Normally hot weather doesn't bother me too much, my car has a rebuilt engine, new water pump, radiator, hoses, etc., so it keeps its cool pretty well. I did get the A/C retrofitted and updated, so that I could also keep my cool while driving the car on hot days. Nights are OK as well, traffic isn't as bad and all those imperfections that are so obvious in the light of day disappear at night. Suddenly your classic car looks almost perfect. To quote Laura Branigan in her hit song Self Control, " the day, nothing matters, it's the night time that flatters..."

While I've attempted to keep my car as factory correct as possible, there are a few areas where original isn't so great, so restrained modifications have been made in an attempt to correct faults. One of these areas on my car is the carburetor, I'll just say Motorcraft 4300 and leave that story for another article. Anyone who is familiar with this particular carburetor will immediately know what the faults are and were with that piece of machinery. The electrical system is another, and that is what I'd like to address right now. Specifically, the charging system. Most specifically, the alternator.

My 1969 Thunderbird was factory equipped with a 55 amp alternator. It did a pretty good job keeping everything supplied with the power necessary for it to operate correctly, but had a difficult time keeping up with even moderate demands at idle. So I thought a higher amp alternator would be just the thing. My car has a lot of electrical gadgets on it that need juice to operate. The sequential rear turn signals are one of the big users. Combine those with brake lights, front cornering lamps that are as bright as a low beam headlamp, a couple of relays that make all the lights work in sequence, and you are discharging the battery at idle, even with few other accessories on.

If you happen to be sitting at idle at night, with headlamps on and the radio playing in addition to the turn signals, it's worse. During those hot daytime excursions, with A/C on it becomes even more of a challenge. And at night with both A/C and headlamps on? Well, let's just say the needle on the AMP gauge is very definitely on the discharge side of center.

In keeping with the good old American adage "bigger is better" if 55 amps in 1969 was sufficient, 85 amps in 2007 should be more than adequate, right? And 100 amps even better. But wait, you can get 120 amps, or 140 amps. That 140 amp alternator ought to really keep things powered up, even under a big load, right? Well, it sounds good but the reality is that many of the new higher amp alternators don't charge any better, or even as good as, the factory original 55 amp ones did. And that's the catch.

I will add that the original '69 T-bird charging system had one other thing that was cause for concern: the solid state voltage regulator. Ford got a bit fancy with a couple of their high end models in the late sixties and early seventies, and equipped them with an integral regulator, that actually attached to the alternator itself. They did as they were intended: controlled the voltage and reduced the amount of under hood wiring and connectors. But when they go out, they normally fail in the full voltage mode, which means your battery gets full alternator voltage all the time. The result? A cooked battery. You can actually hear them boiling. And voltages as high as 16 or 17 volts aren't out of the question. Of course, you have no notice prior to the regulator going out, and they are getting hard to come by, which can mean some downtime if one goes out.

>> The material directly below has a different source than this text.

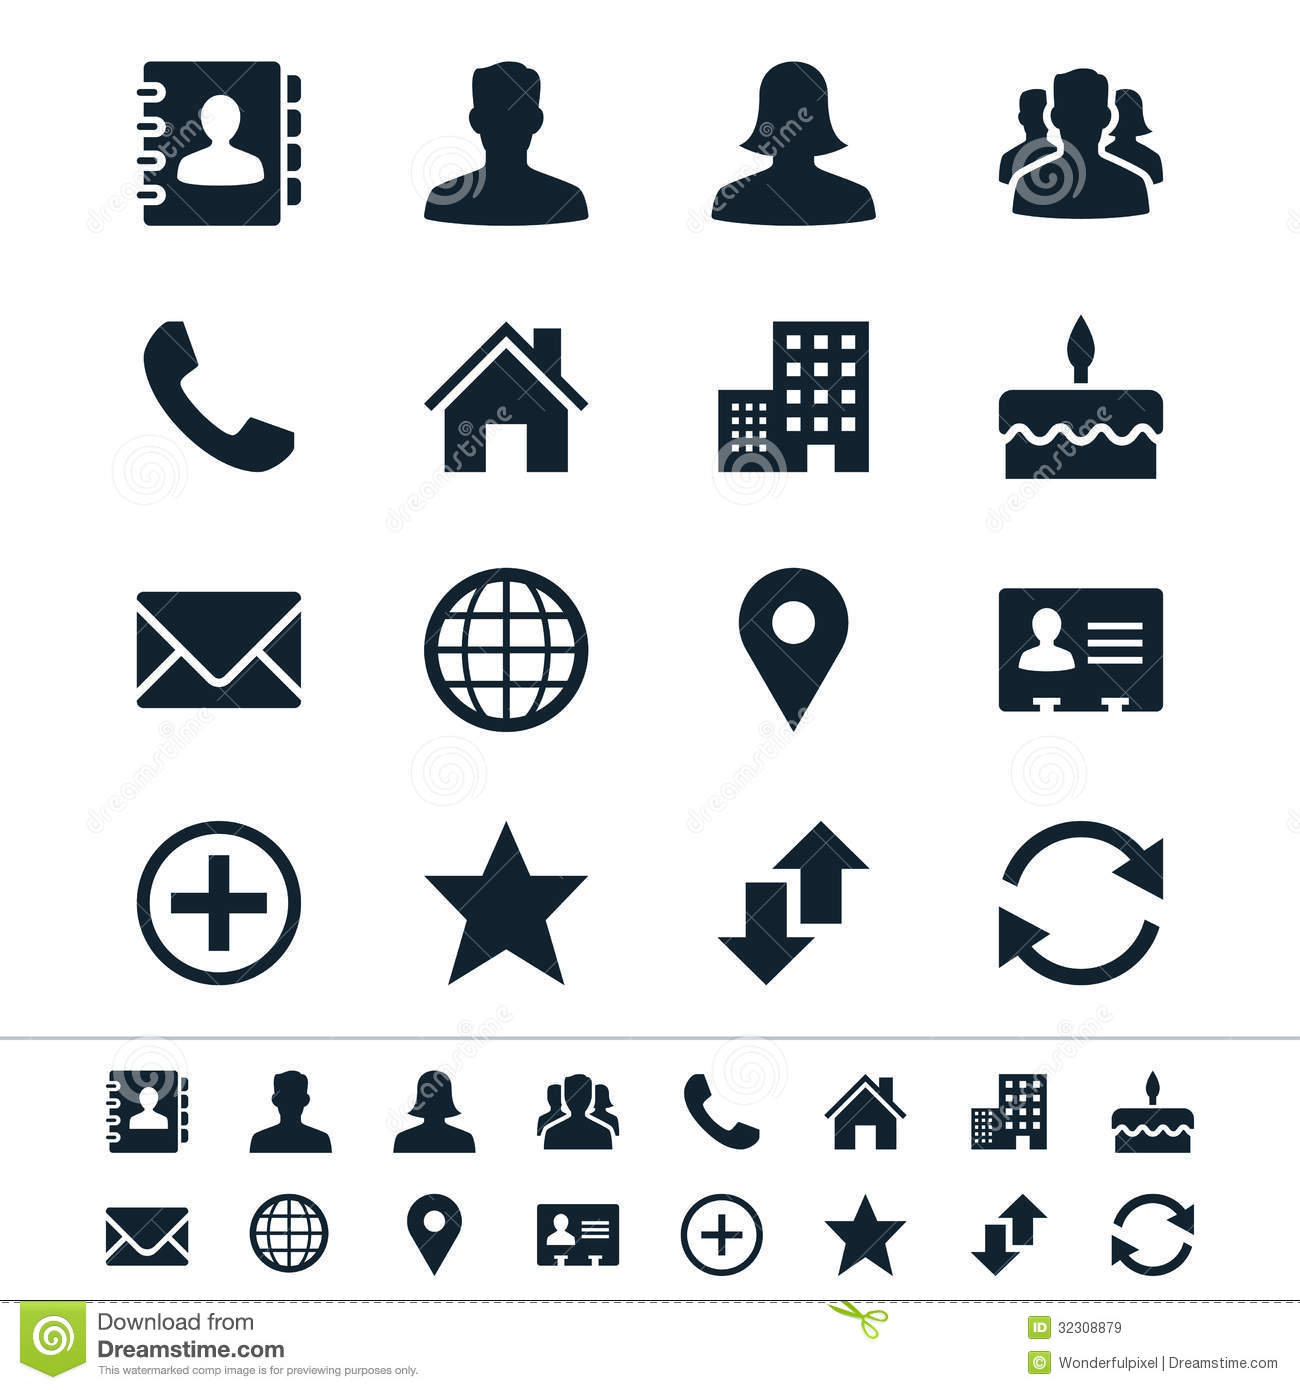 Contact Icons Vector

So, there are a couple of pretty good reasons for upgrading. I checked into some of the after market alternators, and decided on a Powermaster unit since I'd heard mostly good things about them. They make a 140 amp one that is a direct bolt-in for old Fords, and it's advertised to provide 80 amps at idle. I thought 80 amps would be more than enough for anything I might have running, so I went for it. When it arrived, it had a tag hanging on it that stated it had been tested at the factory, and was putting out well over 140 amps at speed, and 89 amps at idle. Impressive.

The alternator looked to be well built and designed, a quality item overall. They are available in various finishes, including chrome if that turns you on. I went for the black powder coated finish, since I'm not a "lots of chrome under the hood" kind of guy. There was some initial confusion as to how the alternator should be hooked up, as the '69 Thunderbirds have a junction block between the battery and starter solenoid. If you follow the wiring hook up directions provided with the alternator, you've done it wrong. The directions will work for 99.9% of the cars on the road, but of course the Birds are a different species, and don't like to follow along with the rest of the flock.

After calling Powermaster's tech support, I was lucky enough to get a guy who took the time to understand my unique situation. He verified that the alternator output wire needed to go to the junction block instead of the starter solenoid. That would allow my factory amp gauge to still operate, and would keep the wiring mostly as it was when it was built.

I will first state that this alternator is awesome at speed. Regardless of what electrical accessories you have on, you can depend on 14.2-14.4 amps. That means your lights are bright, your blower motor is spinning as it should putting out tons of air volume, and your battery is staying charged. With 140 amps available, it can handle anything you throw at it. High end sound system with a powerful amplifier? No big deal. Subwoofer? No problem. You have power to spare, as long as you're moving. And that's the catch. There's always a catch, isn't there?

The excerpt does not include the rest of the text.